Exactly. I found the article content to be technically low and sometimes incorrect, yet I can't help but upvoting this because I totally share the feeling of dispair and distress of the author.
I work on a large Angular 2 project for a year now and the development has been chaotic compared to my previous experiences with Angular 1. At the time, we decided to go with ES6 instead of TypeScript as the Angular team made this promise that we could have the choice of the language. The truth is, there is no documentation and tooling for non-Typescript users and migrating from ES6 to TypeScript on big projects is much more complicated than expected.
Currently we have major issues such as the bundle size (1.7 megabyte only for angular and related dependencies) and render performance in our views (fixed by changing ChangeDetectionStrategy and manually updating the view, which makes angular zones mechanism almost pointless). Debugging is also terrible since angular and zone call stacks are hiding all the valuable information in the exceptions.
Today I bitterly regret this choice and would not recommend Angular 2 to anyone. I worked with dozens of JS frameworks in the past but none of them has leaved me to such a state of mind of frustration and discouragement. I know it sounds like whining and my testimony may not be very constructive but it needed to be told. Angular 2 is terrible.
One of my experiences was pretty similar... I've been happy with React (w/ redux/thunks/fetch), and would recommend it whole heartedly over ng2... as a migration, ng1 to ng2 is even more painful than a planned rewrite path.
Most of my biggest complaints on ng2 have been addressed (although after rc1), and even then, it just feels weird in a day when we have a lot of tooling around npm, the stuff baked into ng2 just feels like too much, and too difficult to really use.
I guess the important point is the title. It should had been: I don't like Angular 2.
Which would have put things in perspective...
When evaluating a technology we should understand that our skills and subjective opinion also play an important role.
I think we should avoid this type of articles as it serves little to the Web progress or keeping constructive discussions.
I agree that the documentation is terrible; logic in the templates is an awful design choice and many other of his points resonated with me.
So I do think the article serves the community by addressing issues that developers encounter.

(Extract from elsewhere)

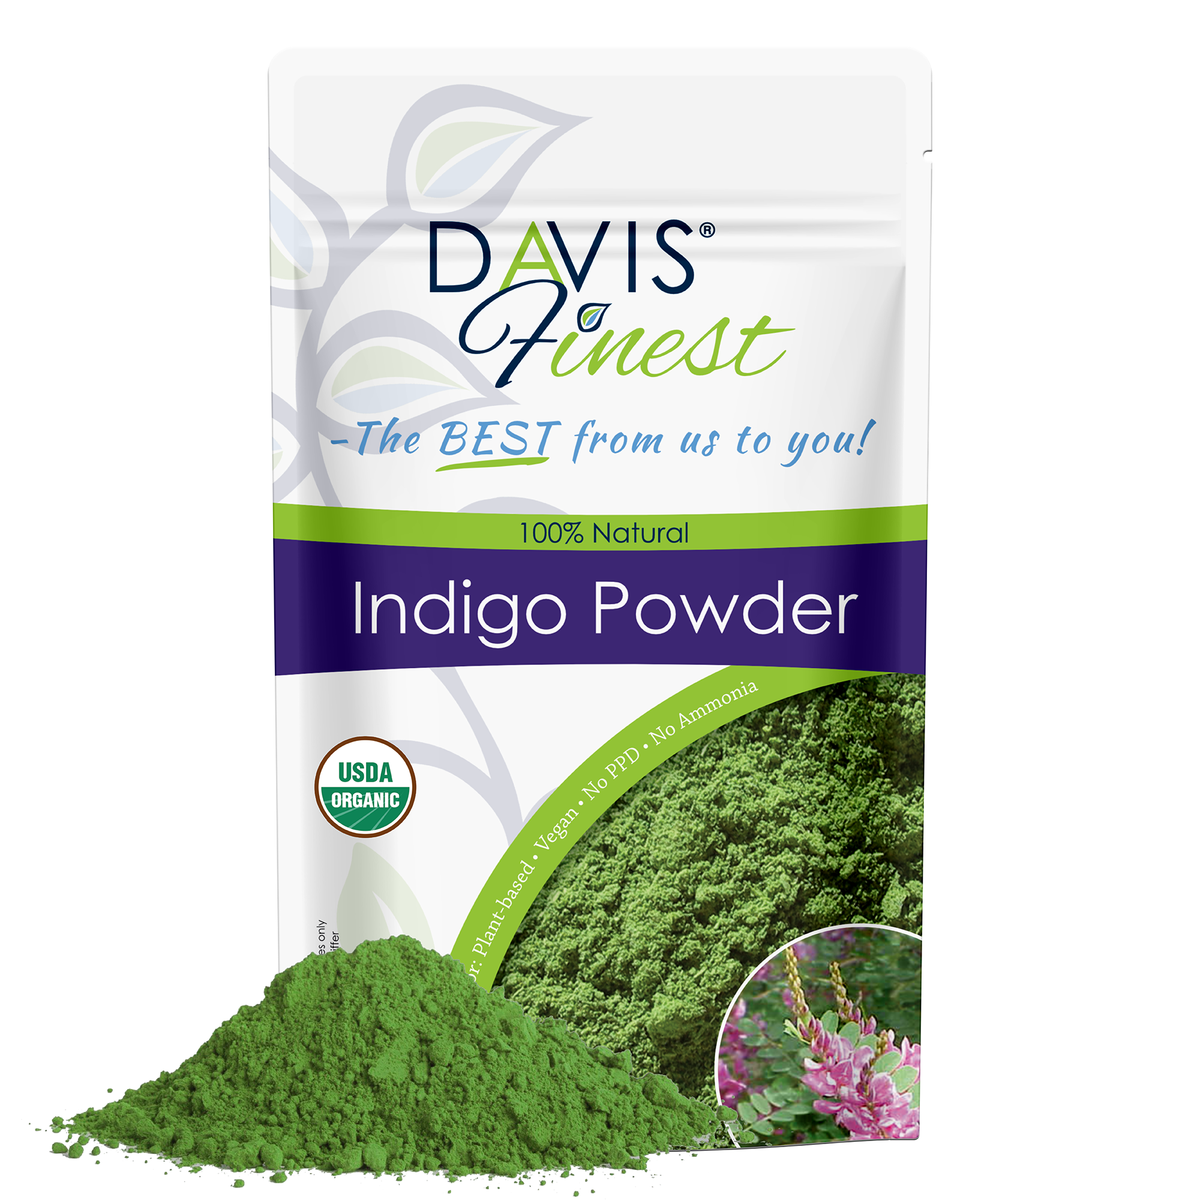 Indigo Powder Hair Dye
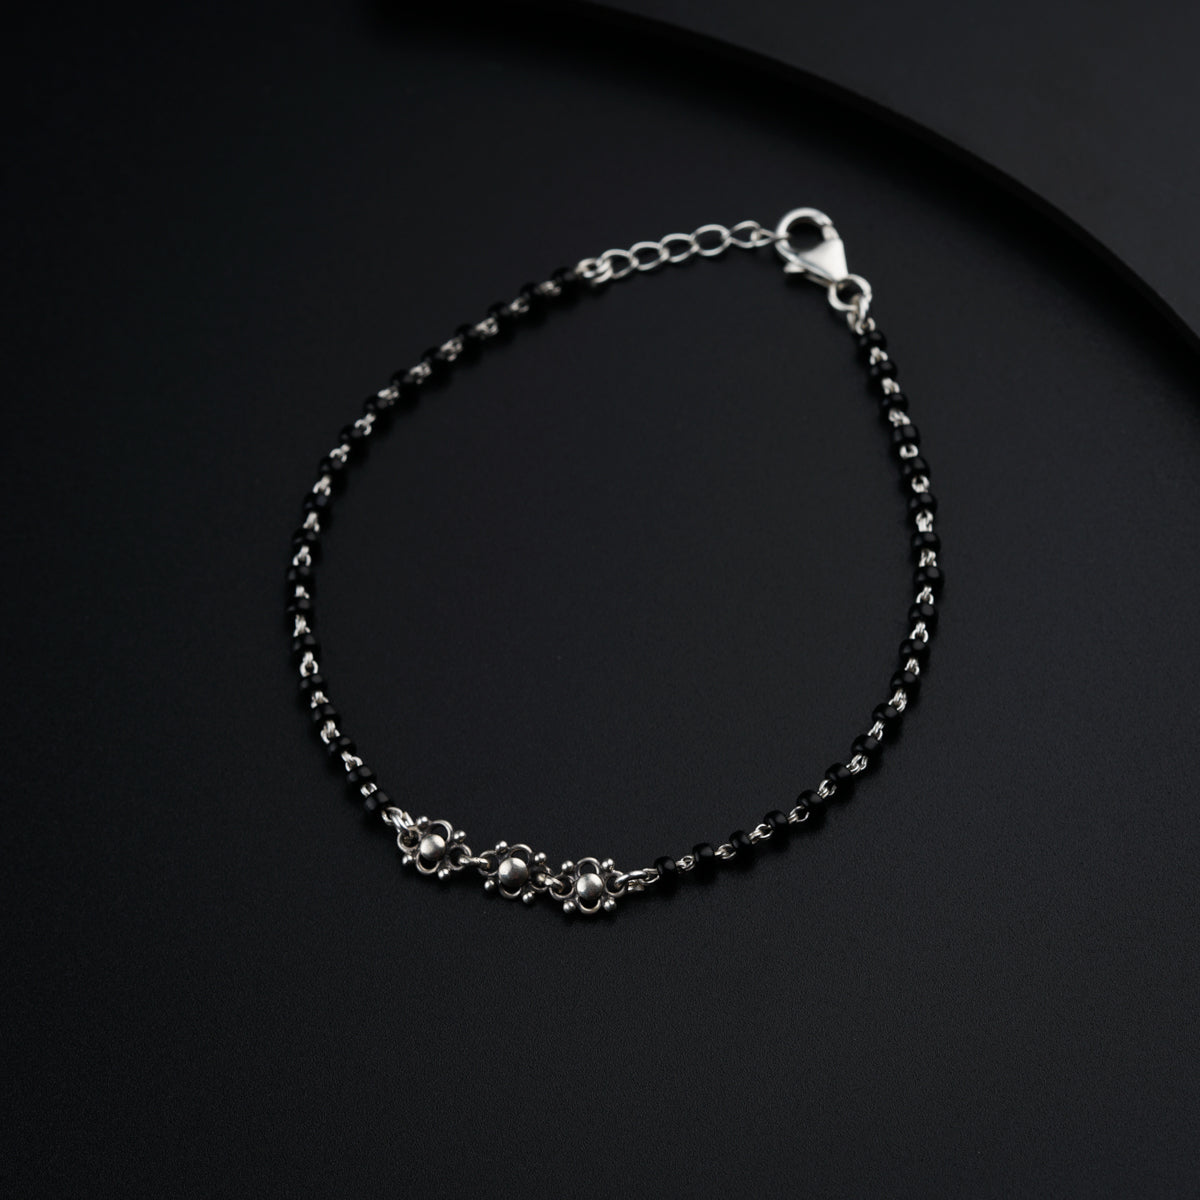 a black and silver bracelet on a black surface

> beta libraries (Rx.js 5.0).
fixed => in 2.3.0
"dependencies": {
"core-js": "^2.4.1",
"reflect-metadata": "^0.1.3",
"rxjs": "5.0.0-rc.4",
"zone.js": "^0.7.2"
},
> I spent hours forcing Observables to behave before giving up using Observable.prototype.toPromise to transform the Observable back to a Promise and simply using Promise.all, which works much better than anything Rx.js offers.
why He spent hours ?
> Promise.all, which works much better than anything Rx.js offers.
???? what
> To create a component in Angular, you have to create separate files for JS, CSS and HTML. Depending on the setup, the JavaScript may need to be compiled from TypeScript and the CSS from SCSS or LESS, so that’s five files just for a single component. With that many files, you need a separate folder for each component.
Yes thx for that! its great to modular your shit easy to add easy to remove.
> Terrible Documentation
100% sure please Angular Team move your Ass
But Here my Comment: the NgModule fuckup is horrible i don`t know which dude have the idea but its dumb, it feels like a php framework from the 90`s!!!